Molly Pitcher<BR> Enlarge

Mary Ludwig was born October 13, 1754. Her father John was a dairyman. When she was 15 years old she went to work as a domestic helper for the Callender family who lived in Carlisle, Pennsylvania which was over 140 miles from her home in Trenton, New Jersey. Travel was slow in those days so she moved a very long way from her family.

While working for the Callender family she met John Hays, a young man who had a barber shop not far from the Callender home. He would watch her as she swept the sidewalk, and soon a romance blossomed. They were married in 1769.

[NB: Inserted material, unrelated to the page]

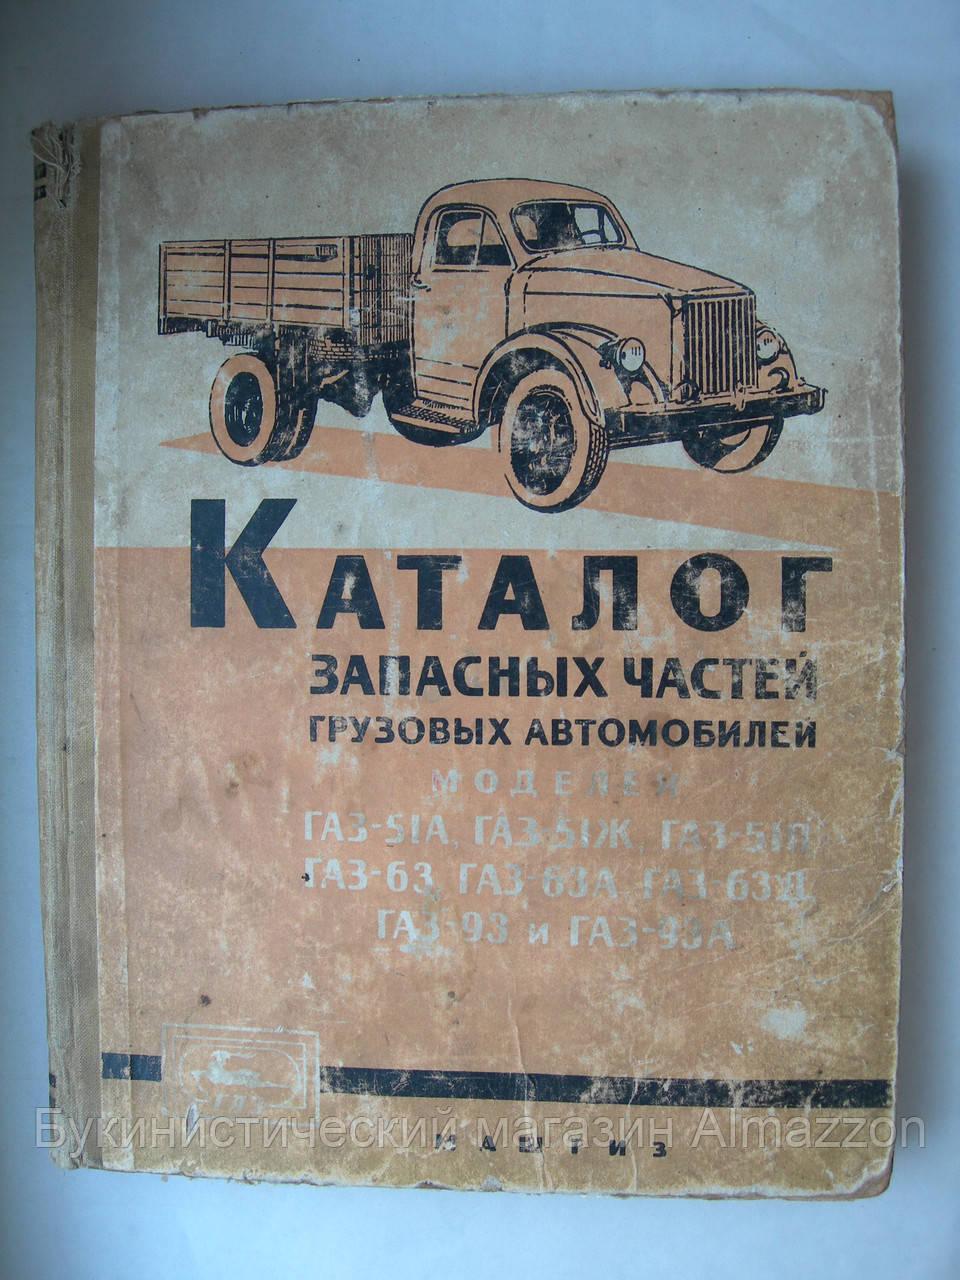 Каталог запасных частей грузовых автомобилей моделей ГАЗ-51А, ГАЗ-51Ж, ГАЗ-51П, ГАЗ-63, ГАЗ-63А, ГАЗ-63Д

There was discontent in the colonies over their treatment by the English. War would soon be upon them. John was a patriot and became a soldier where he served as a gunner in the artillery* division.

When his regiment* left, Mary remained with the Irvines. Her parents wanted her to come home to New Jersey. Her husband wanted to see her and asked her to come to him. She started out on the long ride on horseback.

General George Washington marched his troops into New Jersey. The battle of Monmouth (MON muth) was fought on June 28th, 1778. Twenty-four year old Mary (Molly) was at the battlefront. The battle lasted all day. It was a long, hot summer day. Some say fifty soldiers died of thirst that day. Molly carried water for them in a pitcher from a nearby spring.

As she approached the line of battle she saw her husband was wounded. (Some versions of the story say he died on the battlefield.) The cannon was ordered to the rear since there was no one to fire it. Molly bravely took her husband's place and kept the gun in action. The soldiers called her "sergeant". She was also sometimes referred to as "Major Molly". Molly's actions on the battlefield certainly contributed to the success of the battle that day. Years later a monument was erected to her on the site of the battlefield.

Some poetic license* may have been taken in the poems which were written about her. All the facts cannot be verified.

"Moll Pitcher she stood by her gun,
And rammed the charges home, sir
And thus on Monmouth's bloody field
A sergeant did become sir."

"Molly Pitcher by Laura Elizabeth Richards"


After her first husband died, she married George McKolly, another soldier, and she became Mollie McKolly. (Sometimes her last name was spelled McCauly).

For many years after the Revolutionary War she lived on the army post and cooked and did washing for the soldiers. She also ran a small store in Carlisle.

In 1822 the Pennsylvania Legislature granted her an Annuity* of $80 a year for the "services she provided during the Revolutionary War". The bill passed with a unanimous* vote.

On one occasion in 1826 when Molly was over 70 years old, she rescued two young children who had fallen into a quarry.* One of the people she rescued later said of her, "Molly was a brave woman and had a kind word for everyone." She also said that after the war was over, people referred to Molly as "the heroine of the battle of Monmouth".

Among the many stories told about her that cannot be verified are these two accounts:

(1) It is said that on the battlefield George Washington complimented her on her bravery.
(2) She found a wounded, but still alive soldier named Dilwyn among the dead in a burial pit and nursed him back to health.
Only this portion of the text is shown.